Northwest (K) Ltd v Kenya Deposit Insurance Corporation (Official Receiver for Chase Bank Ltd) & Keysian Auctioneers [2019] KEHC 5995 (KLR) | Statutory Power Of Sale | Esheria

Northwest (K) Ltd v Kenya Deposit Insurance Corporation (Official Receiver for Chase Bank Ltd) & Keysian Auctioneers [2019] KEHC 5995 (KLR)

Full Case Text

REPUBLIC OF KENYA

IN THE HIGH COURT OF KENYA

AT NYAHURURU

CIVIL CASE NO.5 OF 2018

(FORMERLY OF ELC.NYAH.355 OF 2017)

NORTHWEST (K) LTD............................................ PLAINTIFF/APPLICANT

- V E R S U S –

KENYA DEPOSIT INSURANCE CORPORATION (OFFICIALRECEIVER

FOR CHASE BANK LTD)...........................1ST DEFENDANT/RESPONDENT

KEYSIAN AUCTIONEERS........................2ND DEFENDANT/RESPONDENT

R U L I N G

Northwest (K) Ltd, the plaintiff/applicant, filed this suit against Kenya Deposit Insurance Corporation (Official Receiver for Chase Bank Ltd), 1st defendant/respondent and Keysian Auctioneers, 2nd defendant/respondent.

By the application dated 29/3/2017, the applicant seeks the following orders:

a. ….spent;

b. ….spent;

c.
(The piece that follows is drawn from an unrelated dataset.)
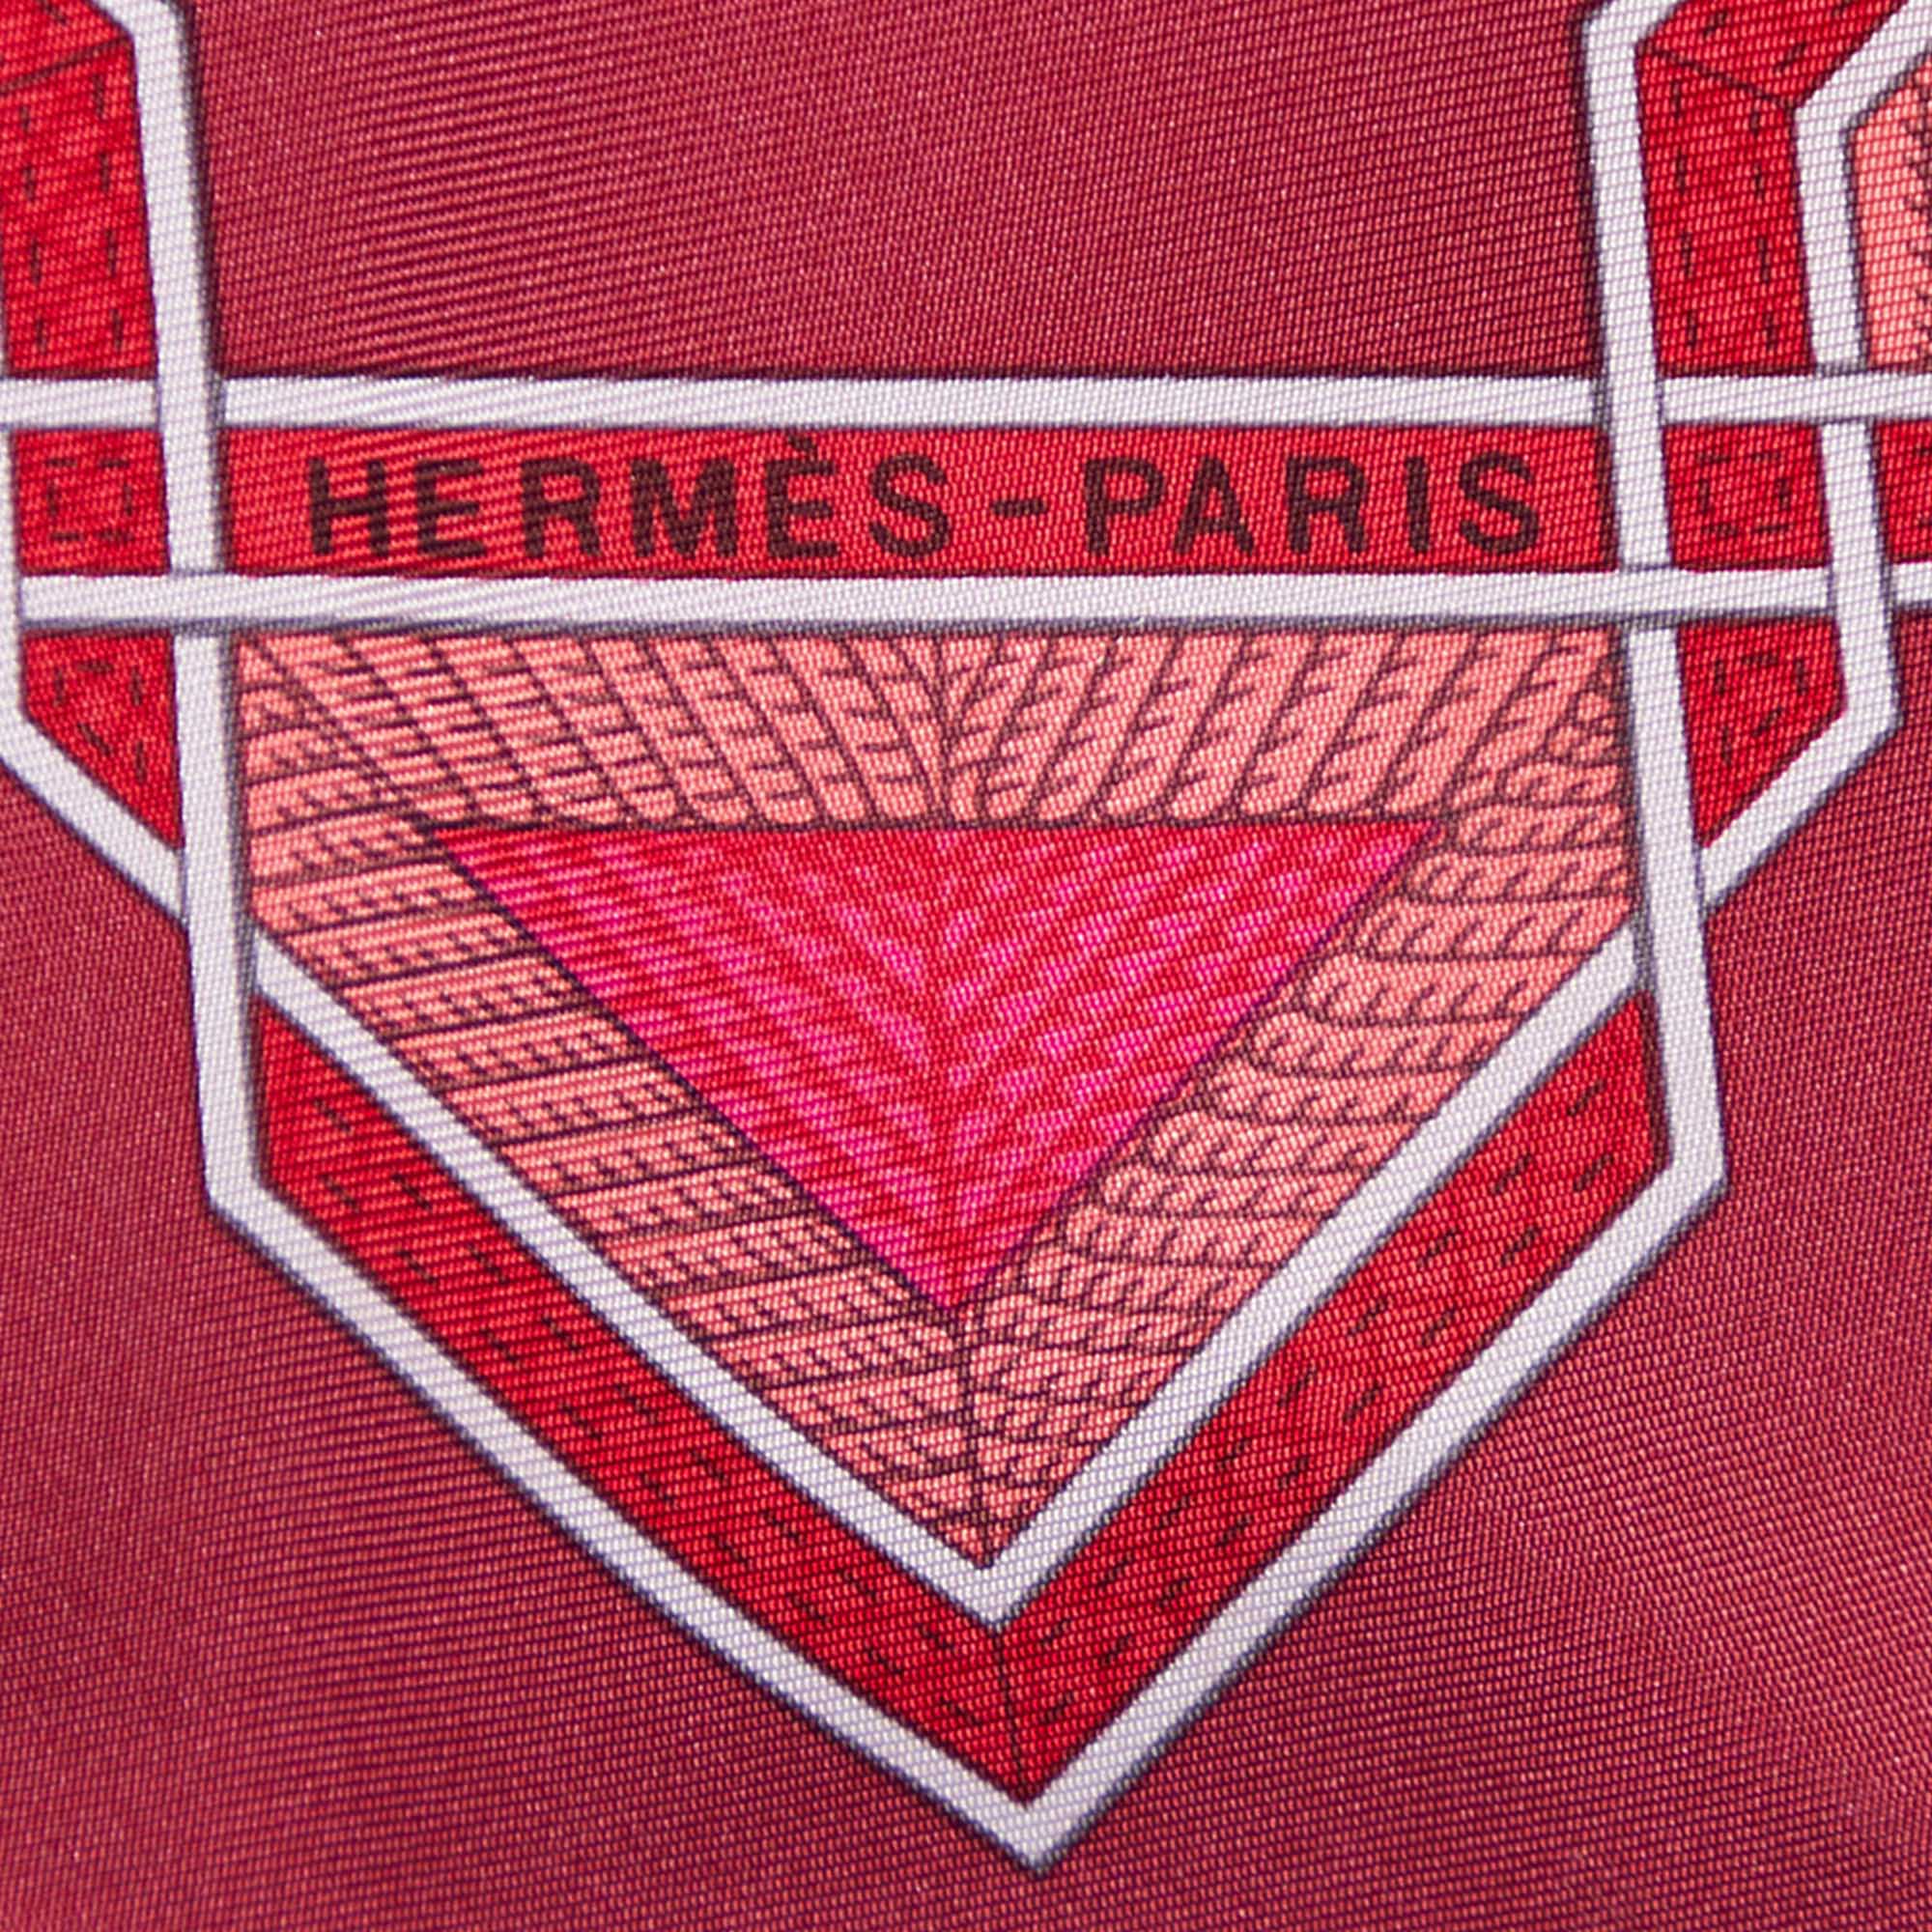 Hermes Pink Cuirs Du Desert Printed Silk Square Scarf

Pending the hearing and determination of the suit, the 2nd respondent, its servants, agents and employees acting on the instructions of the 1st defendant/respondent be restrained by an order of injunction from selling by way of Public Auction property known as LR.No.Nyandarua/Ndemi/7183;

d. Costs of the application be provided for;

A background to this dispute is that the 1st defendant, who is a flower farmer opened an Account No.004217296001 with the 1st defendant and the applicant had an agreement with the 1st defendant bank for overdraft facilities to enable the applicant pay his workers between July, 2011 to February, 2012; that the applicant became unable to service the overdraft due to high interest rates and at that juncture, engaged the 1st respondent to restructure the loan facility to curb the abnormal interest rates as well as provide an extra loan facility to purchase a vehicle.  The applicant offered the suit land LR.Nyandarua/Ndemi/7183, as security.  The request was as per the letter dated 11/3/2014 (GRM.2).  The property was further secured by a personal guarantee and indemnity by each of the directors of the applicant, George Ruitiyu Mukabi and his wife Jane Njambi Ruitiyu.  The loan was repayable over a period of 60 months at an interest rate of 18% per annum.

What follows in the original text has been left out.